The Wall Street Journal reveals the CIA program so secret that Democrats allege the agency never shared it with Congress, breaking the law on oversight of intelligence. It’s so shocking that Dick Cheney allegedly told George Tenet to shield it from America’s elected representatives. Hold onto your hats! The CIA secretly planned … to capture and/or kill … al-Qaeda’s top leaders.
I hear you gasp in shock over this news:
A secret Central Intelligence Agency initiative terminated by Director Leon Panetta was an attempt to carry out a 2001 presidential authorization to capture or kill al Qaeda operatives, according to former intelligence officials familiar with the matter.
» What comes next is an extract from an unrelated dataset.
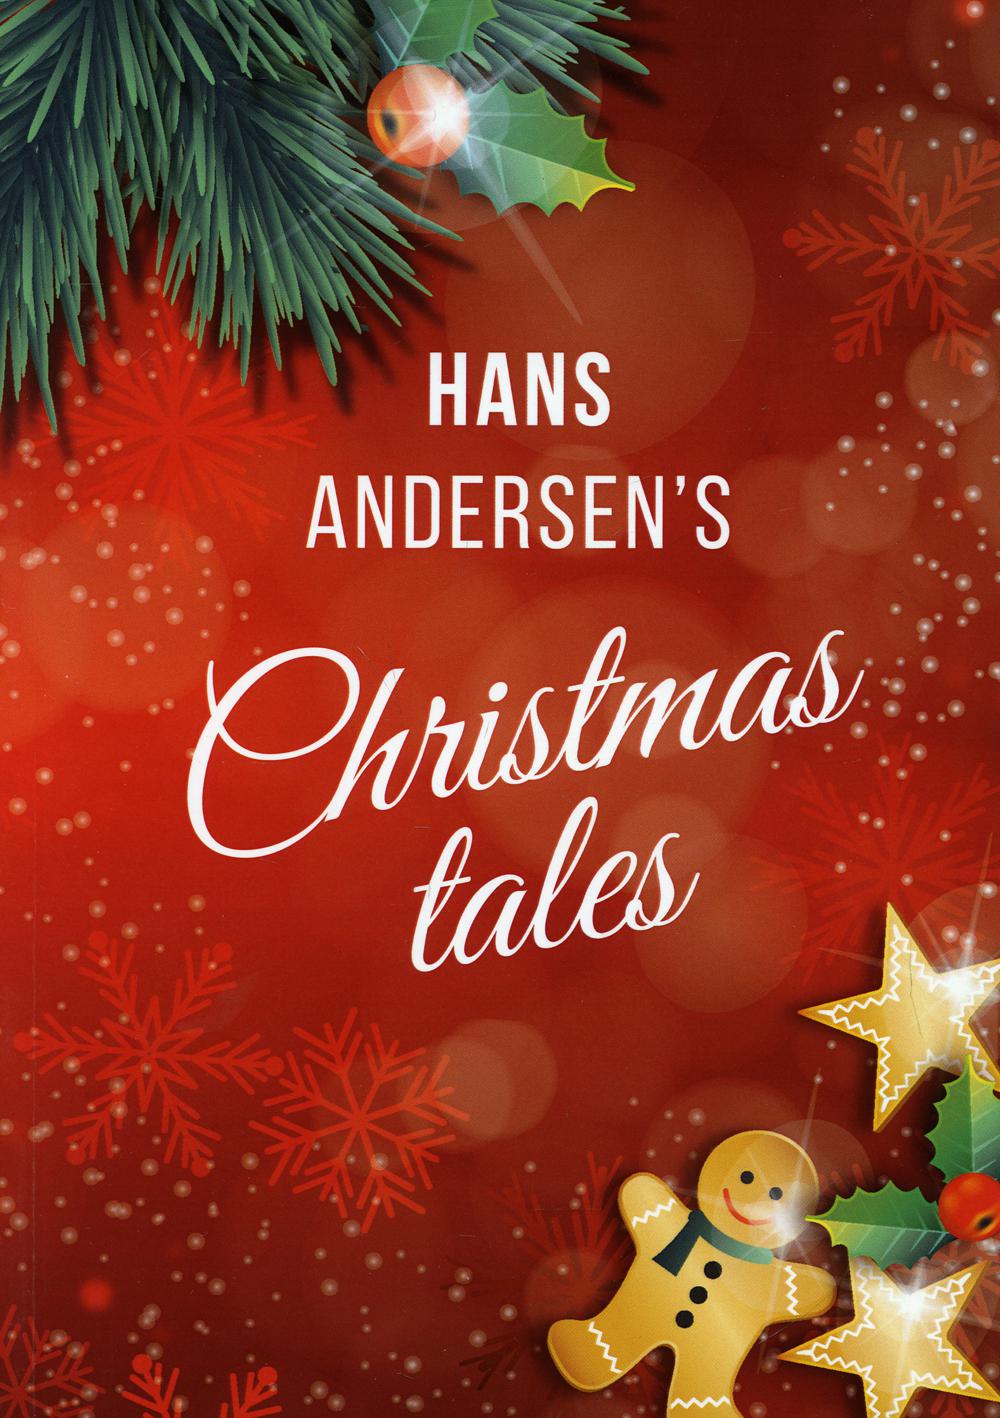 Hans Andersen's Christmas tales. (A Fairy Tales: The Snow Queen; The Fir-Tree; The Snow Man; The Little Match Girl)

The precise nature of the highly classified effort isn’t clear, and the CIA won’t comment on its substance.
According to current and former government officials, the agency spent money on planning and possibly some training. It was acting on a 2001 presidential legal pronouncement, known as a finding, which authorized the CIA to pursue such efforts. The initiative hadn’t become fully operational at the time Mr. Panetta ended it.
In 2001, the CIA also examined the subject of targeted assassinations of al Qaeda leaders, according to three former intelligence officials. It appears that those discussions tapered off within six months. It isn’t clear whether they were an early part of the CIA initiative that Mr. Panetta stopped.
Let’s see. Democrats want to make hay over a program to kill Osama bin Laden, Ayman al-Zawahiri, and the rest of the radical Islamist looney tunes? Best of luck with that. Show of hands: who in the US doesn’t want the heads of bin Laden and Zawahiri on a pike? Anyone? Anyone? Bueller? Bueller?
Congress authorized the Bush administration to use force against AQ. At the same time, the executive order against targeted assassinations remains in force, but that hardly applies to an enemy at war. The entire point of authorizing force is to make your enemies dead by, like, y’know, killing them. Whether the CIA or the military carries out the mission makes no difference to me and probably not to 99% of the American public outside the Beltway, or I suspect, inside the Beltway either.
Why keep it secret? Apparently the CIA dropped it in the planning stages for some reason after six months, which means that there wasn’t anything to report. Perhaps the CIA didn’t want the operational parameters of the program to leak, in case they reactivated the mission. However, it’s not as if anyone in the US doubted that we would kill anyone in AQ’s top network if we had the chance. We didn’t exactly keep that a secret.
If Democrats want to score political points against George Bush and Dick Cheney for wanting Osama bin Laden and Ayman al-Zawahiri dead, they may find that a tough sell to their constituents.
Update: Commenter Coldwarrior explains “findings” as a legal term, and explains why this means the Democrats’ argument doesn’t hold up at all:
It was acting on a 2001 presidential legal pronouncement, known as a finding, which authorized the CIA to pursue such efforts.
A “finding” is a stringent legal procedure, and is required that the President, obviously, the DCI, Attorney General, the key leadership of the Senate and House Oversight Committees, and others if it has direct impact, and is a rigorous process.
That a “finding” was in order, as pointed out buried in the third paragraph…then whomever were the key members of the Senate and House Committees knew about this. Otherwise, no finding.
Not all committee members, and certainly not the entire House of Senate, needed to be brought on board. But that little word “finding” implies a good deal more than the current congressional /Dem leadership is willing to discuss.
Since they’re not disputing the “finding” part of the story, it seems as though the entire controversy is a non-starter.